Liquibase also has div and PGAdmin has div.
There are separate projects like Migra, but all of them show simple div, like create index without word concurrently, not discussing the problem how to change data type in one billion row table.
So they solve hard problem, but there is hardest problem,
how to generate diff in zero downtime fashion.
As far as I understand, a planet base, they show diff in regular form,
but when they apply changes, they perform something similar to PGA repack approach,
when you create a full copy of the table, recording all changes in some delta table,
like change log, right? And then in single transaction or in multiple transactions,
it's interesting also topic, but in steps, you apply all changes and then you already switch to new table.
Of course, this approach requires some disk space.
And it's kind of too heavy for small changes sometimes.
It depends.
But it's interesting that they have full automation of it.
But again, they don't care about data in this case.
But their CEO in Twitter discussion said they are working on data branching.
Nice.
I'm very curious how they will solve the terminology problem. You know,
two biggest problems in computer science, right? Naming and cache invalidation, right?
And off by one iOS.
Yeah, yeah. So obviously they have naming issue because they already use database branching
for schema-only branching.
Then this year, earlier,
I saw that Supabase have branching in their roadmap
and also Neon appeared.
And Neon said, we are open source Aurora, right?
Yeah.
Aurora has thin cloning,
which is, in my opinion, not good for testing.

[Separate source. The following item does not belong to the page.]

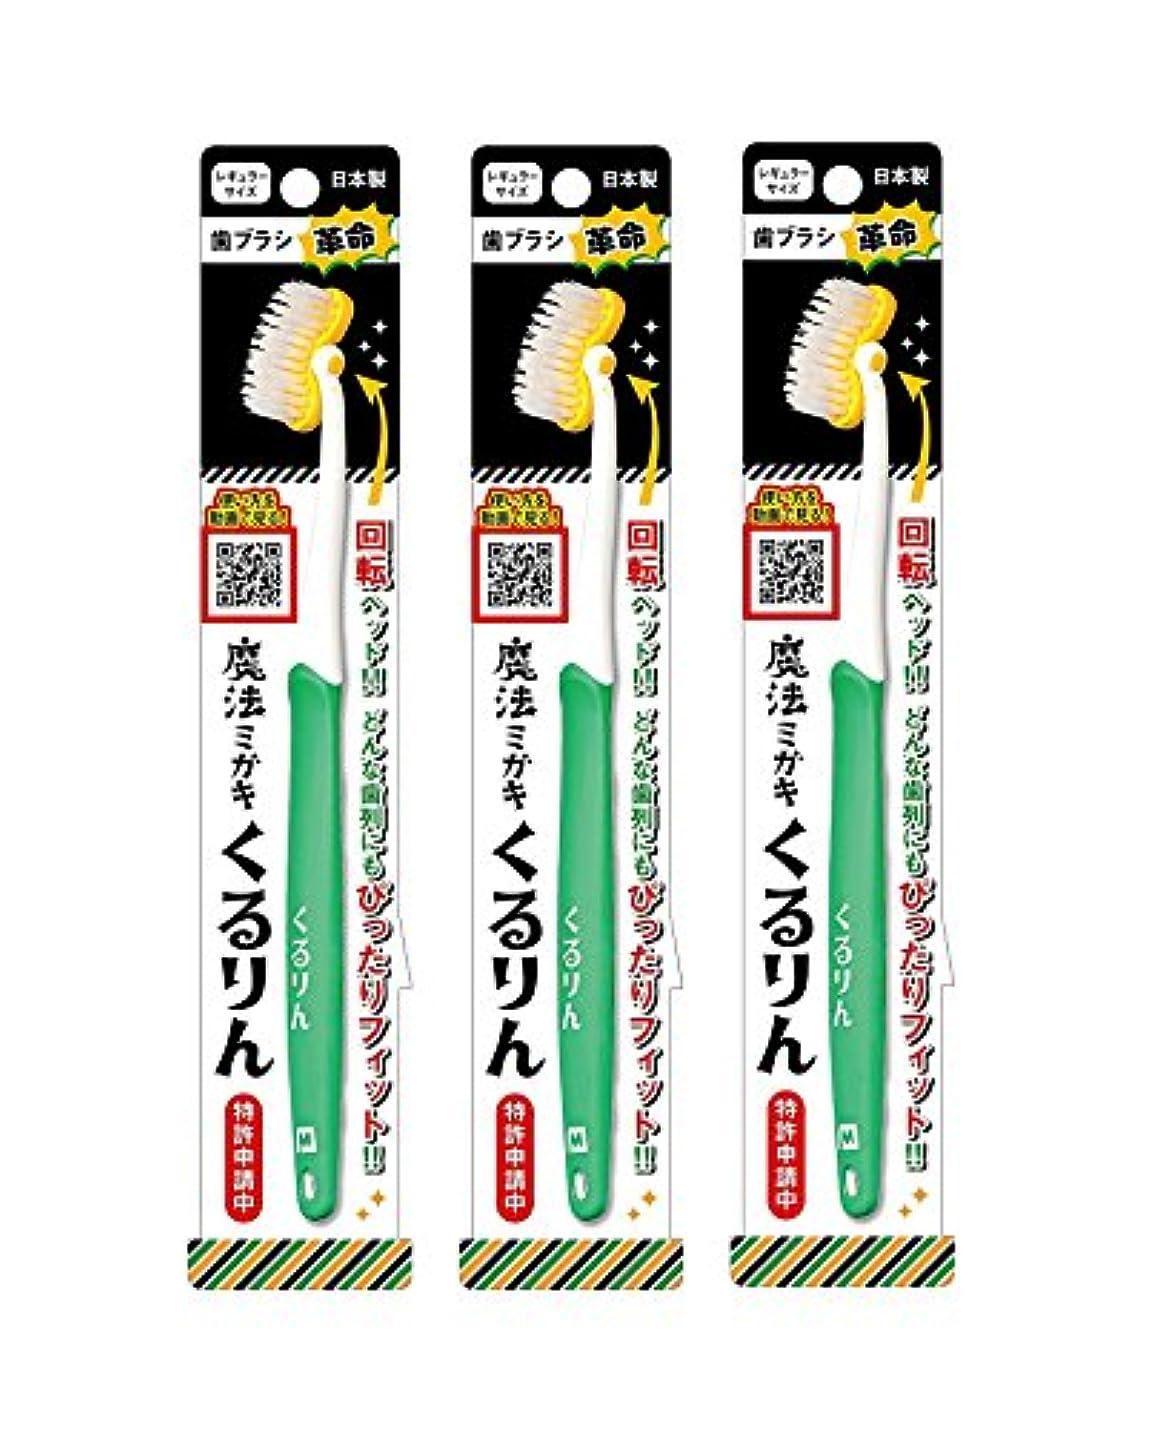 お嬢シニス子豚歯ブラシ革命 魔法ミガキくるりん MM-151 グリーン 3本セット

It's too expensive and it's too slow. It's like thin cloning, which is, in my opinion, not good for testing. It's too expensive and it's too slow.
It's like thin
cloning, yes, but you need to wait minutes
and you need to pay for compute
for each clone separately.
If you use big O
notation in terms of money, it's a big
O from number of clones
for compute power. Fortunately,
not for storage, but also, of course,
Aurora also charges you for i o and for testing also not very pleasant but i guess big enterprises are okay with
this and it's better than nothing as well right it's better than not having it of course you can
yeah you can test some heavy changes in this way, but this is not something you will use for each pull request or merge request.
Good point.
We can't call changes.
It's too much, right?
But I also, by the way, I found that, observed this area,
heavy clones where we can use all CPUs and so on,
they are needed only infrequently for infrastructure teams for
example upgrades migrate big migrations to some new hardware or operational system but developers
these days they do changes many times per day sometimes right so like it's very often and there
we need the very very cheap and fast cloning okay back to database branching. So Neon in the very beginning said we are going also to be a very good database for CI-CD pipelines,
and we have database branching.
Not discussing what it means, actually, like in detail.
How is it different from cloning, for example, or snapshotting, or these infrastructure languages, terms.
And someone else also said, some other projects also said,
we have Git-like approach for databases, for Postgres.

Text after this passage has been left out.